A presente tour é, portanto, a primeira viagem internacional sob o comando de Thierry Fischer, regente titular e diretor musical da orquestra desde 2020. Como é natural nesses casos, há diferentes peças sendo alternadas nos programas, segundo as necessidades e características de cada local.

No programa de Berlim, a Osesp se assume totalmente como uma orquestra "do século 20" e "americana" —no sentido mais amplo da expressão, a saber, o de se identificar como uma voz importante da música de todas as Américas. Obras do alto romantismo, como a "Sinfonia Alpina" de Richard Strauss, especialidade da orquestra, presentes em outros concertos da turnê, não entram na programação de Berlim.

Com o cancelamento da violinista Hilary Hahn por motivos de saúde —ela seria a solista ao longo da turnê —, os solos dos programas foram divididos entre dois nomes: Daniel Lozakovich ficou responsável pelo "Concerto nº 3" de Saint Saëns (tocado em Amsterdam e Wiesbaden), e Roman Simovic foi escolhido como intérprete do "Concerto para violino" op.30 de Alberto Ginastera (programado para Edimburgo e Berlim).

Antes de Simovic atacar o "Concerto" composto em 1963 pelo argentino Ginastera, obra virtuosística, de caráter primitivista, com a cara do sul da América do Sul, a orquestra tocará a macabra e surpreendente "Central Park in the Dark" (de 1906), do americano Charles Ives.

A segunda parte abre com uma obra central do modernismo brasileiro, "Uirapurú", composição de 1917 de Heitor Villa-Lobos, com sua criativa evocação da floresta tropical, seus pássaros, cores, lendas e mistérios. O programa fecha com a ruidosa "Amériques" (na versão de 1929), que o francês Varèse escreveu ao chegar nos Estados Unidos, repleta de sirenes, fragmentos e blocos de sons urbanos.

A Grande Sala da Philharmonie de Berlim comporta cerca de 2.400 pessoas na plateia. Com projeto de Hans Scharoun, foi inaugurada em 1963. Seu formato totalmente assimétrico —inovador perante os mais tradicionais no modelo "caixa", como a Sala São Paulo— torna muito especial a experiência visual do público. Em termos sonoros, escuta-se tudo com clareza e presença, como nas melhores salas do mundo.

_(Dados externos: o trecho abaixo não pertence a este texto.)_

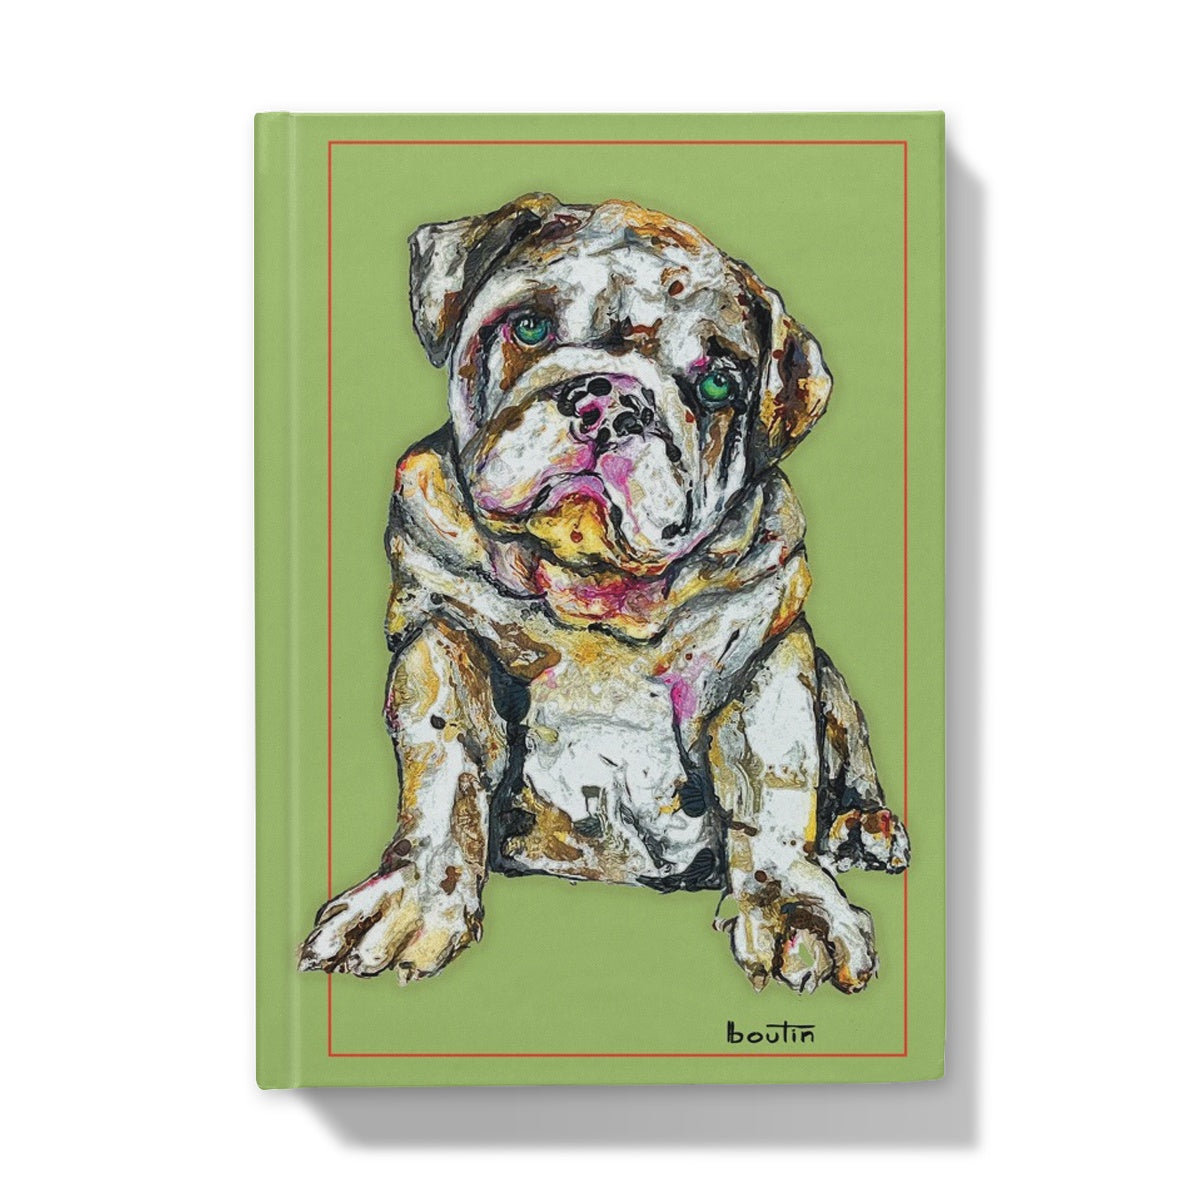 Loulou vert - Notebook by the artist Boutin

Fischer é um perfeccionista do som, e será bom acompanhar a repercussão internacional do trabalho que ele vem realizando em São Paulo. De seu lado, a Osesp é hoje uma orquestra bastante experiente. Por tudo isso, não há como não considerar o concerto deste sábado em Berlim como um ponto alto da música clássica brasileira neste ano.